Expert ultrasound. An ultrasound examination might show some abnormalities, but many might not be visible at 3 months. Also not all birth defects (congenital anomalies) are associated with chromosome abnormalities so screening the blood of the pregnant woman or testing the placental tissue would not detect them. Testing of the fetal blood or amniotic fluid isnt typically done early may be referred to experienced mfm.
Yes, in more than on. Ultrasound and maternal blood tests (aka genetic screen) can detect risk of birth defects by the end of the first trimester (10-14 weeks from the first day of last menstrual period.) if a birth defect is suspected, other diagnostic tests such as chorionic villi sampling and amniocentesis as well as repeat ultrasound can help to diagnose the specific problem.

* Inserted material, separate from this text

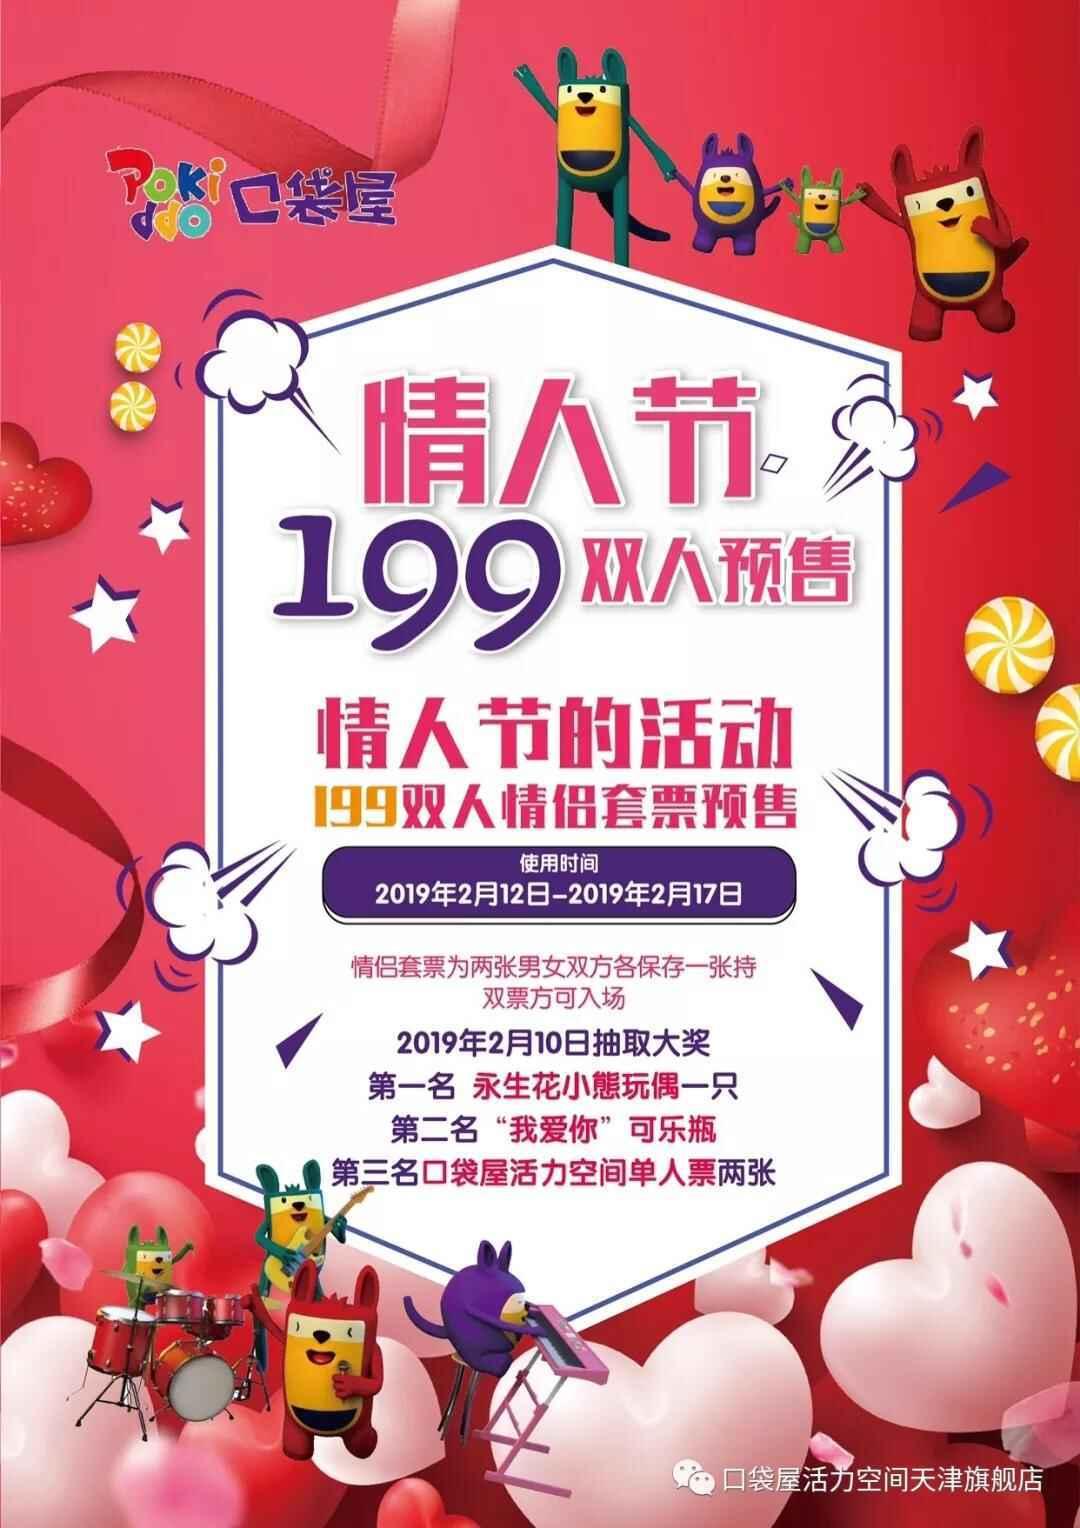 蹦床馆情人节活动海报

Yes. Depending on why one would be lookng, a high resolution, high level ultrasound and a biopsy of tissue in the womb (chorionic villus sampling) along with blood testing can pick up birth defects. There is much more to consider. But yes it can be done.
Perhaps. Down syndrome can now be detect by blood test by 12 weeks. Most fetal anatomical problems do not manifest untl 16-20 weeks, although some major defects can be gleaned as early as 12-14 weeks in expert centers with transvaginal prenatal sonography.